In the summer of 1989, when our daughter was four and our son seven, we took our first “real” family vacation. By that I mean, it was just my husband, me and the two kids, and we went somewhere other than to visit grandparents.
We’d taken our son on a couple of trips before daughter came along, or left her with grandparents when she was a baby. And our son had been places with his cousins and not us. But this was our daughter’s first “big girl” vacation. She was still in preschool and was required at school to “nap” in the afternoons, though she didn’t usually sleep during the rest period anymore.
For our first trip, we chose St. Louis, about a four-hour drive across Missouri from Kansas City. I think we stopped in Marshall, Missouri, first to visit my in-laws. It wasn’t a big vacation, just a long weekend, long enough to test whether our kids were ready for full-fledged adventures.
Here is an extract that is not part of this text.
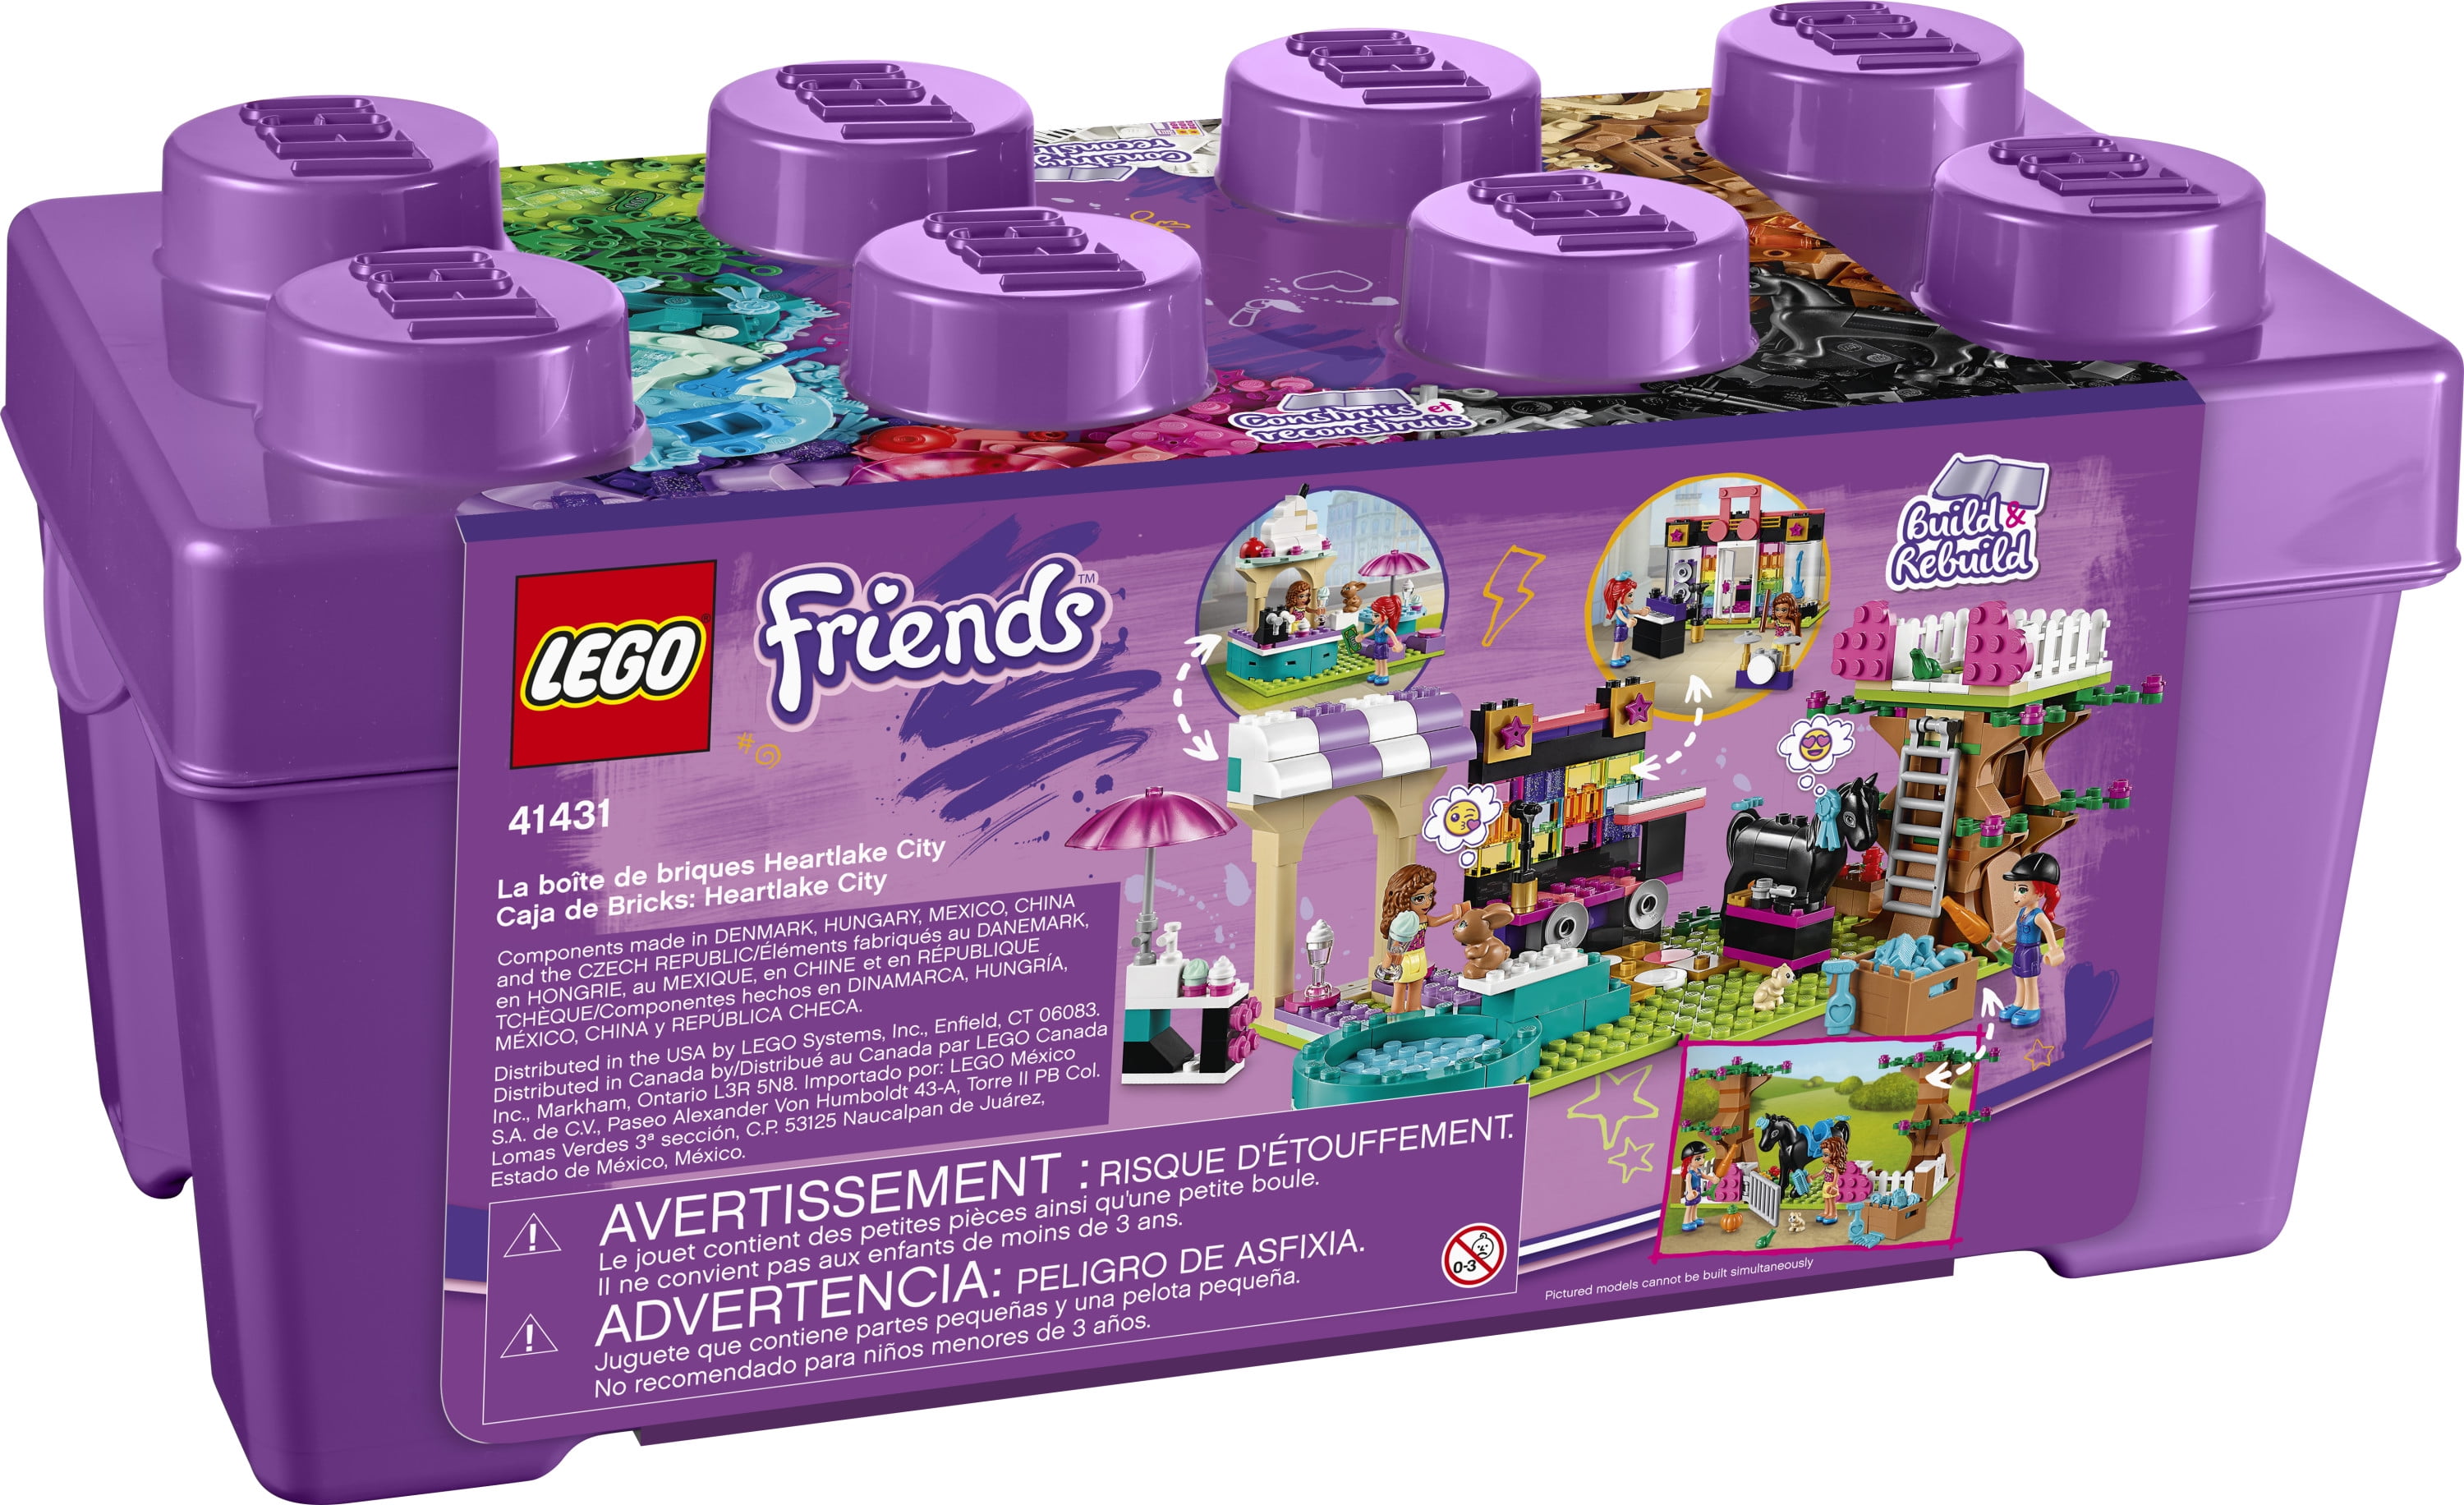 LEGO Friends Heartlake City Brick Box 41431 Building Kit; Make Scenes from 1 Box Set for Creative Fun (321 Pieces) - Walmart.com

We did a lot over those few days in St. Louis. We went up in the Gateway Arch and visited the Museum of Western Expansion located at the Arch. We ate at the McDonald’s by the Arch, which was built on a replica of a steamboat (I understand that McDonald’s is no more, which is too bad because our kids loved it.). We went to the St. Louis Zoo, where our son made friends with a baby tamarind monkey. We went to Union Station and the Science Center. We probably did more, but those are the things I remember.
We were on the move from breakfast until dinner. We did all this over two or three days, spending our nights at some high-rise hotel, which I think was near Union Station.
After our first full day of activities, we went to an Italian restaurant for dinner. We had toured the entire zoo in the heat that afternoon. At the zoo, knowing that it was large and we would have to walk a lot, we rented a stroller for our daughter. But our son spent more time in the stroller than she did. She was a trouper, determined to prove she was not a baby anymore. She walked and walked and walked some more.
For dinner that night, she wanted spaghetti, so we ordered her a child-sized portion. The dinner came, and she started eating.
But soon her eyes drooped. Her eyelids fell shut, then opened, then fell again. Her head nodded.
My husband caught her just before she did a face-plant into her spaghetti. We moved her plate and laid her head on the table. She slept as the rest of us finished our meal. She slept as my husband carried her to the car and buckled her into her car seat. She slept as we drove to the hotel, as he carried her up to our room, and as I undressed her.
She slept for thirteen hours, from dinner straight through until breakfast time the next morning.
And then she was ready for another day.
She proved herself old enough for “big girl” vacations. And she’s never looked back.
What amusing anecdotes do you have from family vacations?